Heinz is correct, the answer to |(x - 1) / (x + 1)| < 1 is x > 0, but there are easier ways to do this than those mentioned above. Remember that a question can penalise you time in an exam by you doing it the long way.
Method 1 - quick algebra.
Since x <> -1 (othewise the inequality is undefined), and |x + 1| is positive otherwise, multiply through by |x + 1|.

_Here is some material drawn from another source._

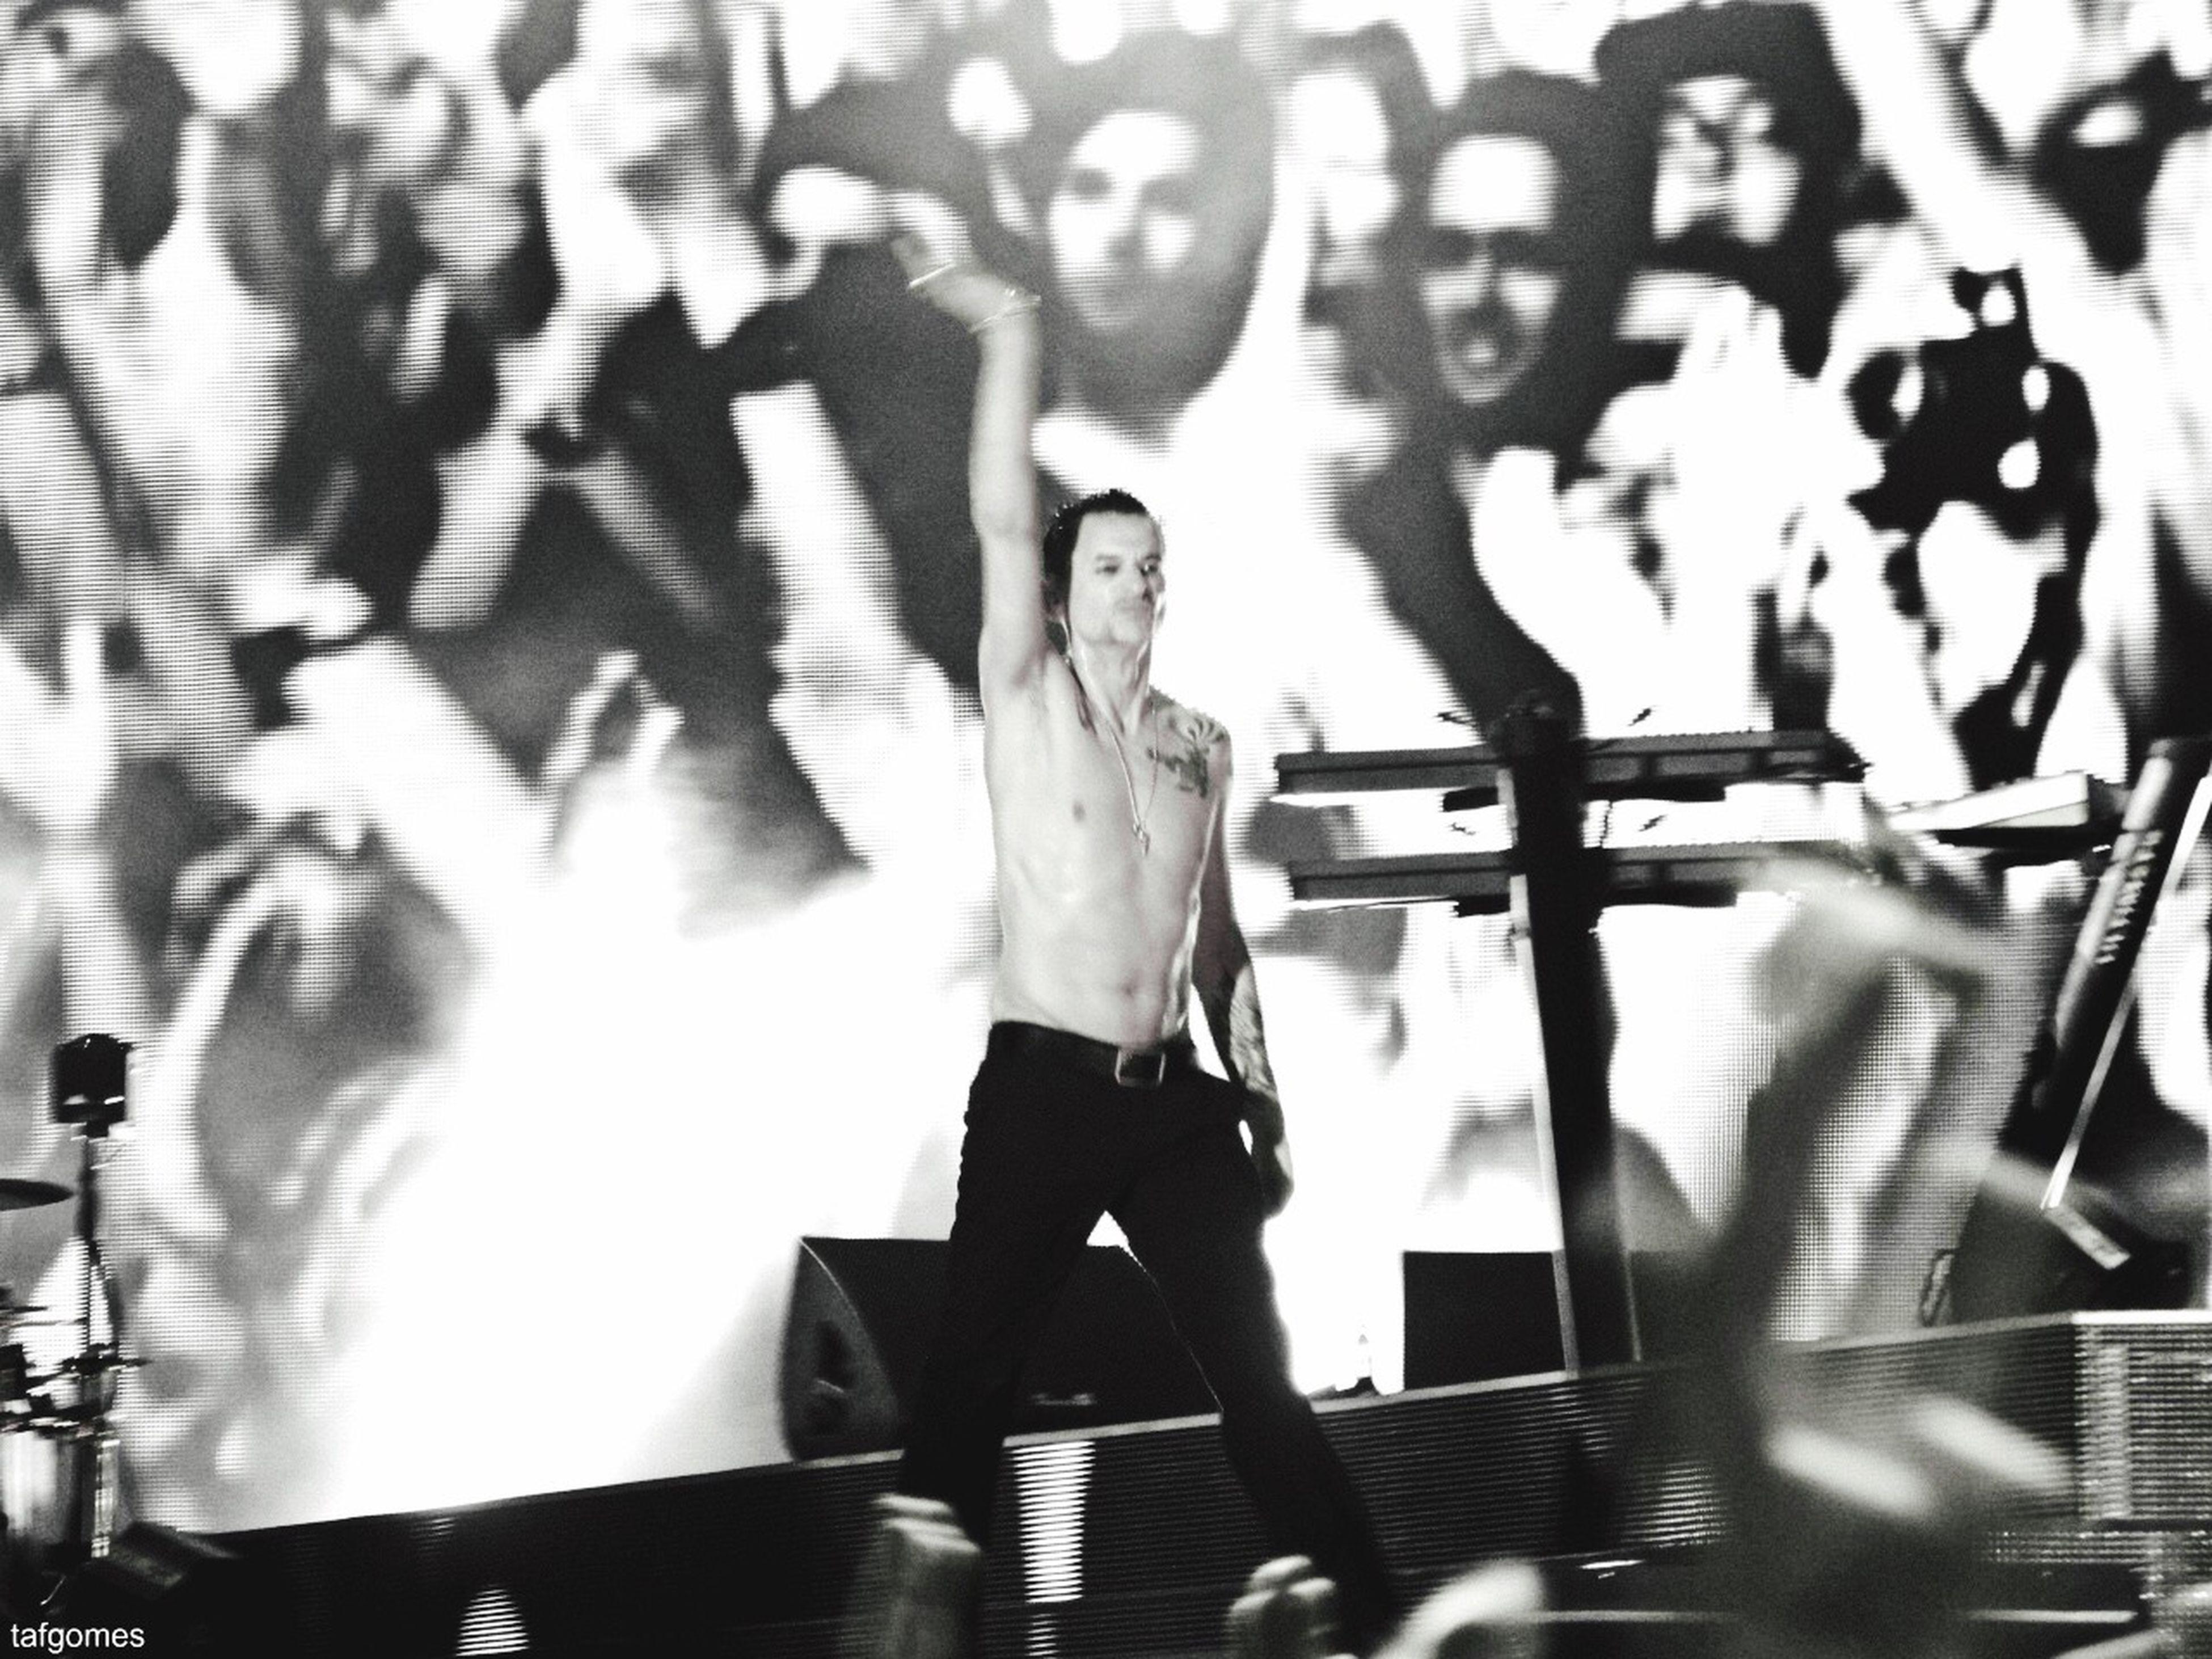 Depeche Mode Optimusalive2013 Lisboa Festival Music Music Brings Us Together Blackandwhite EyeEm Best Shots Photography Nikon Nikonphotography Nikonistas Light And Shadow Emotions David Gahan Enjoy The Silence Precious Personal Jesus Tafgomes
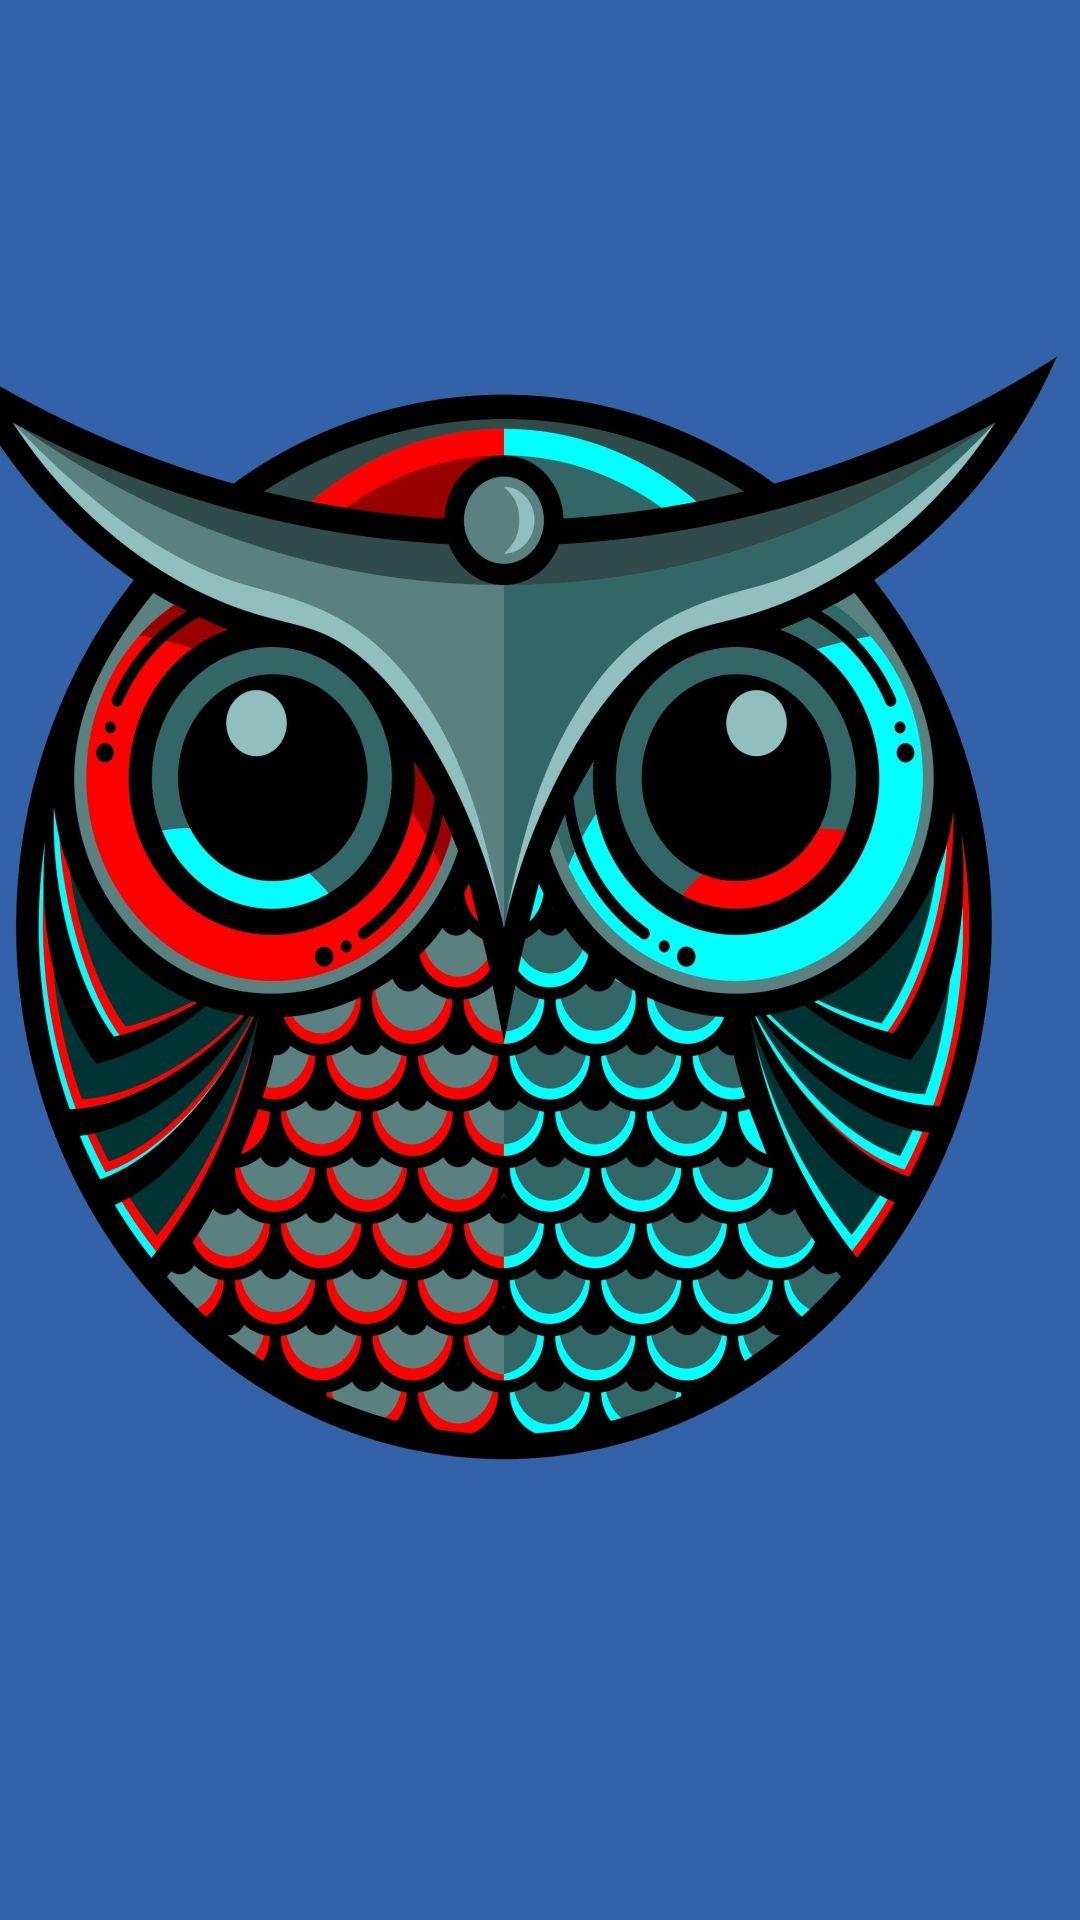 Artistic Owl 1080x1920 Mobile Wallpaper Artistic Wallpapers Wallpaper Geometric Owl

The question becomes: |x - 1| < |x + 1|
Taking cases, we have x - 1 < x + 1, which is true for all x, and
-(x - 1) < x + 1
-x + 1 < x + 1
-x < x
0 < 2x
x > 0
Combining these results, we get x > 0.
Method 2 - Quick curve sketching
After getting |x - 1| < |x + 1|, as above sketch the two curves y = |x - 1| and y = |x + 1| on the same set of axes. Both are standard "V" shaped absolute value curves, with x - intercepts at -1 (for |x + 1|) and at 1 (for |x - 1|). These meet at (0, 1).
From these graphs, it shoud be obvious that |x - 1| < |x + 1| when x > 0.
Method 3 - Slower curve sketching.
(x - 1) / (x + 1) = (x + 1 - 2) / (x + 1) = 1 - 2 / (x+1)
Thus, to solve the absolute value inequality, all we need to do is sketch y = 1 - 2 / (x + 1), and look when -1 < y < 1.
This curve is a rectangular hyperbola, with aymptotes of y = 1 and x = -1, and intercepts at (0, -1) and (1, 0).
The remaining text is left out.